Tracing The Origins Of The Tuatha Dé Danann To Greece

The Tuatha Dé Danann is one of the most mysterious peoples of the British Isles. Fascinatingly enough, some Celtic traditions place the prehistory of the Tuatha Dé Danann on the Greek islands in ages past. Although scholars often disregard this information as later interpolations, authors like Robert Graves in his well-known book, The White Goddess, did take it seriously, writing: “According to an archaeologically plausible Irish tradition in the ‘Book of Invasions’, the Tuatha de Danaan had been driven northward from Greece… and eventually reached Ireland by way of Denmark…. The date of their arrival in Britain is recorded as 1472 BC, for what that is worth.”

If there is any truth to this tradition, it would perhaps not pertain to classical Greek times but rather involve early Celtic and pre-Homeric traditions. None of these are available any longer, except for what remains of those Celtic traditions mostly in Christianised versions, and what is preserved of pre-Homeric traditions in later Greek traditions. This makes the task at hand all the more difficult and warrants a deeper look into the migration traditions about the Tuatha Dé Danann.  

Migration Legends

Who was the Tuatha Dé Danann? Scholars usually take the name to mean “people/folk of the goddess Danu”, with Danu referring to an ancient Mother Goddess.

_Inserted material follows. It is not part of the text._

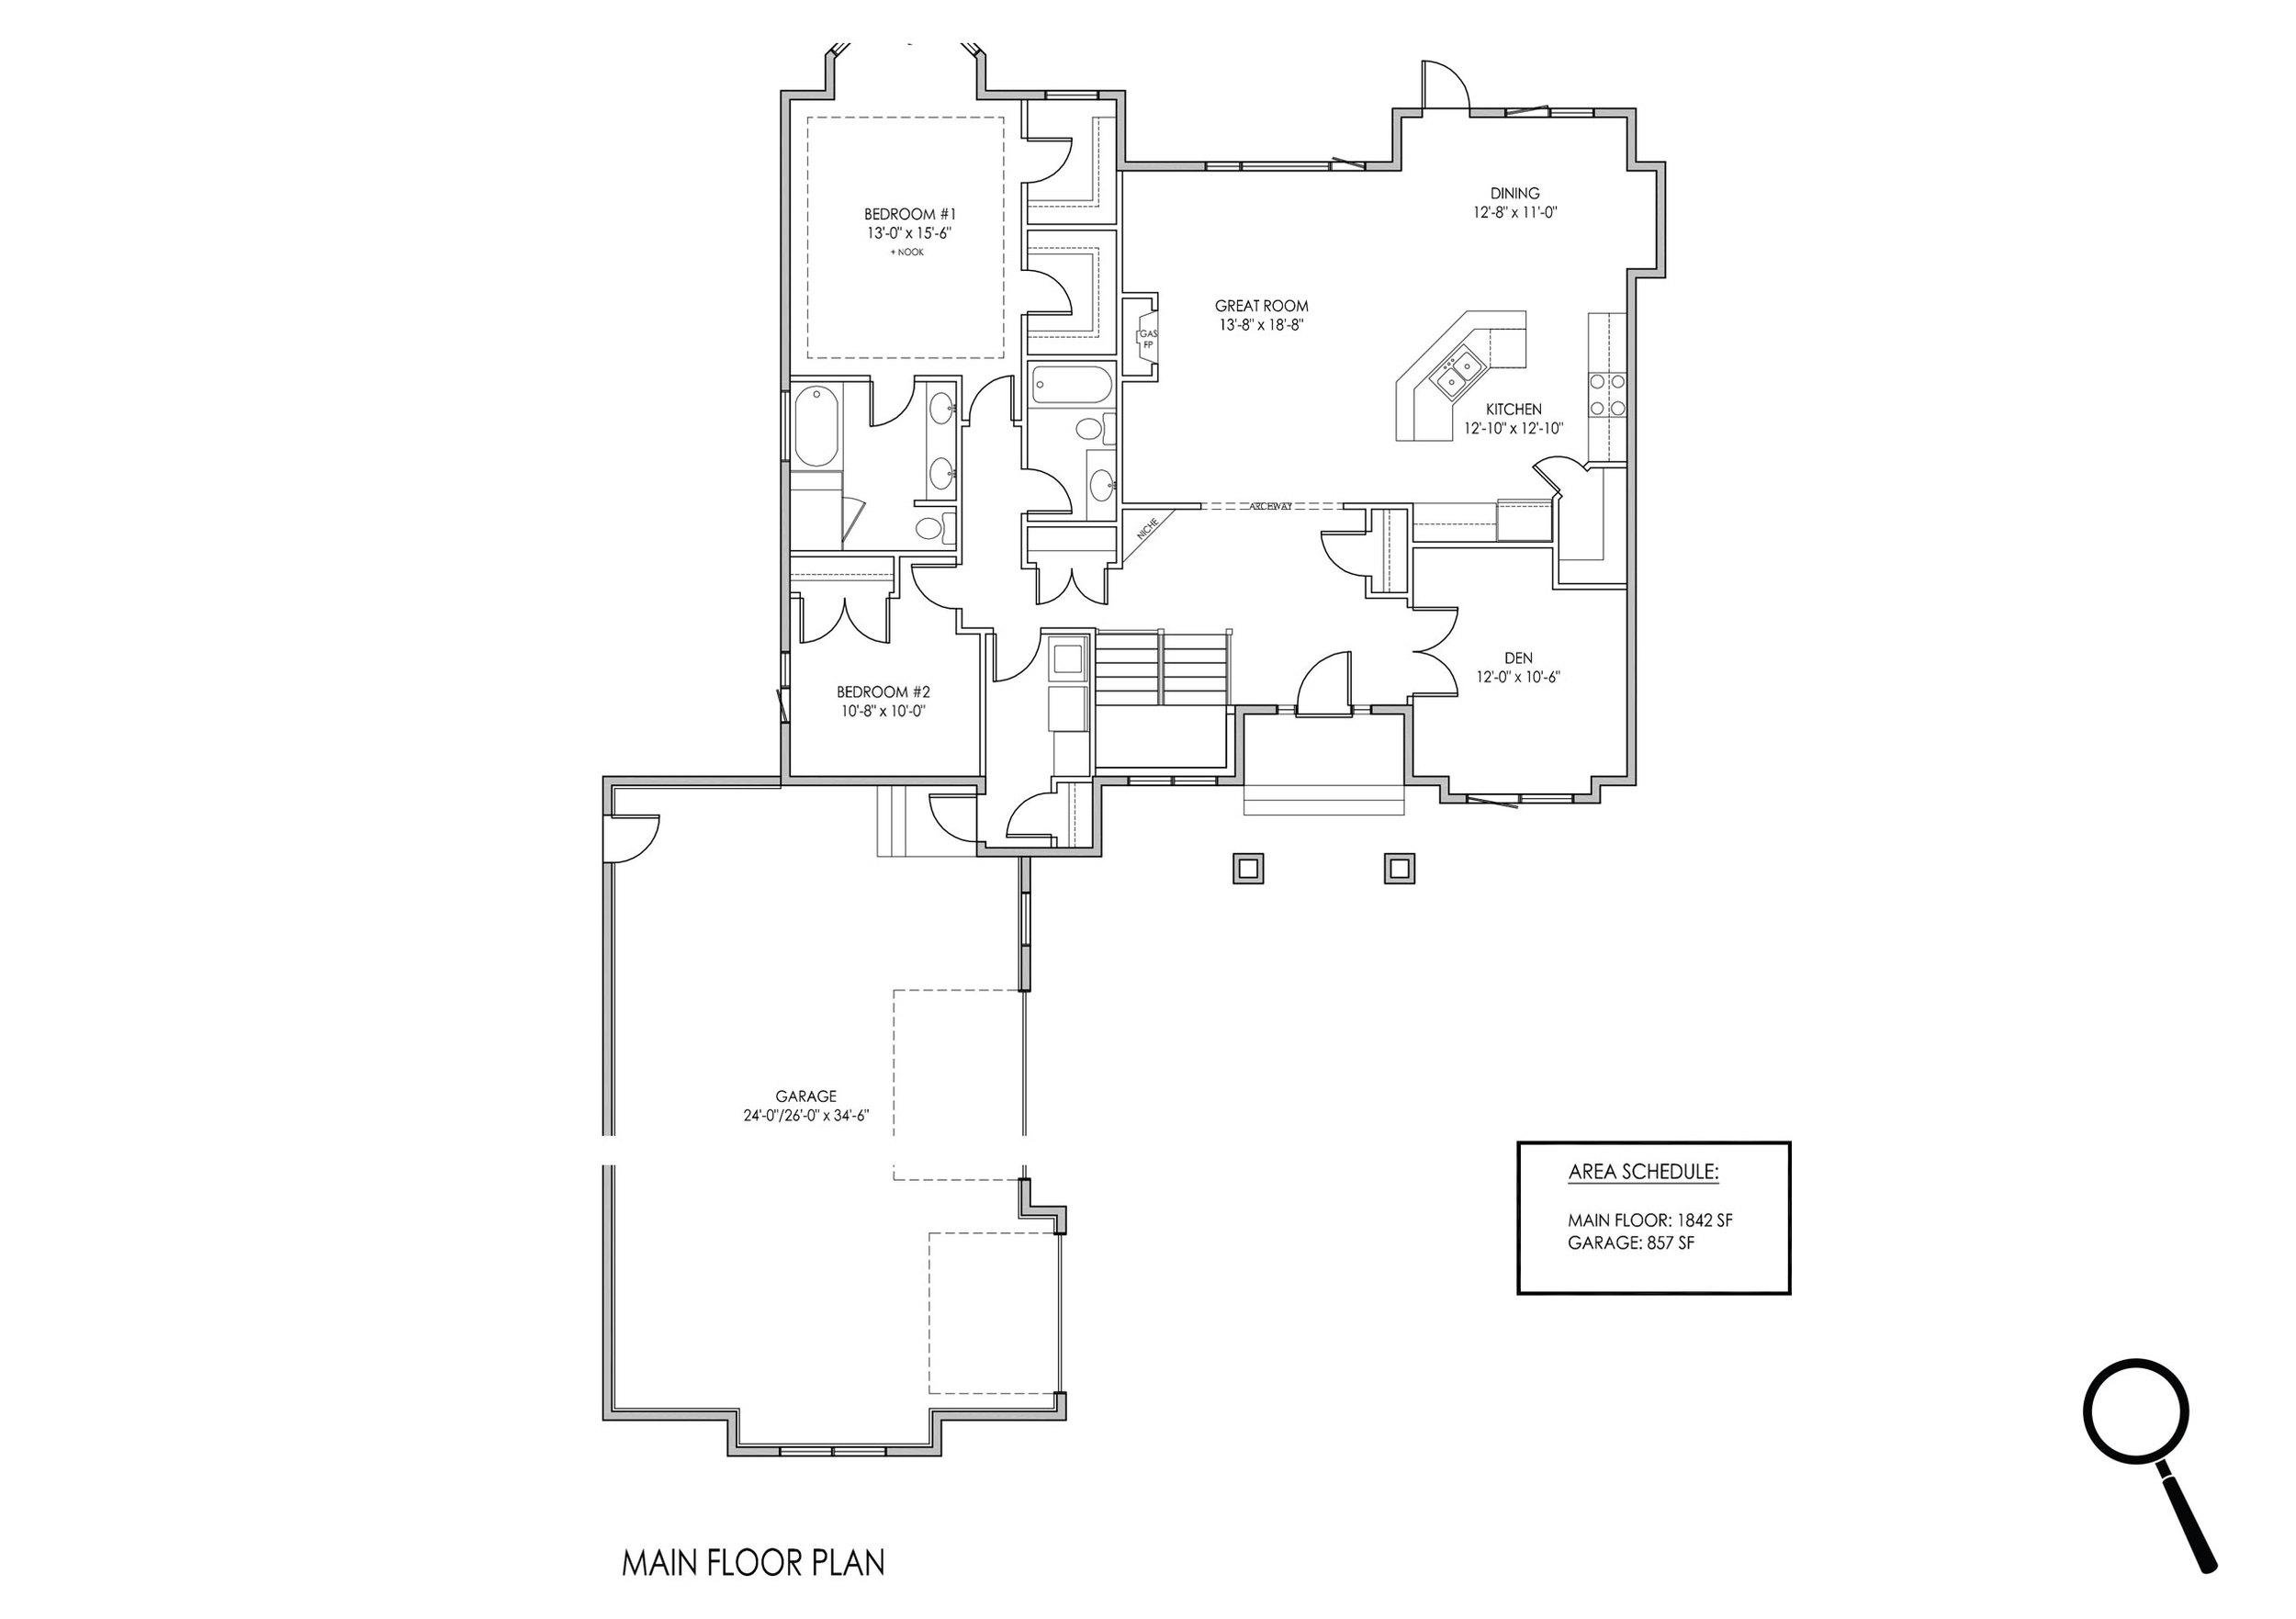 MagnifyingGlass-Floorplan28_501CartwrightSt.png

The Welsh called them ‘Children of Don’. They were regarded as having been of supernatural or divine descent. Among the members of this ancient people count many Celtic gods, some of whom having been worshipped across the Celtic world. They were remembered for having brought civilisation to the Celts.

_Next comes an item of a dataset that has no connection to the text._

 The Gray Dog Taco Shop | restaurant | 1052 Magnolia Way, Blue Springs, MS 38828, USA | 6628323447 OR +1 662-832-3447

According to the Lebor Gabála Érenn, or The Book of Invasions, which recounts the different settlements on the British Isles that took place through the ages, the Tuatha Dé Danann once resided in the eastern Mediterranean, in cities like Athens, where they were the teachers of the Greeks. In this role they were portrayed as especially skilled in the crafts and magic arts (druidism). Among those early ancestors counted mighty kings, different clans and great poets. In fact, the earliest Druids, namely Partholón and his companions, were also said to have come from Greece. There can be little doubt that this tradition is strikingly similar to the Greek tradition about the Pelasgians who once resided in Athens and were the teachers of the Greeks in matters concerning their mystery cults.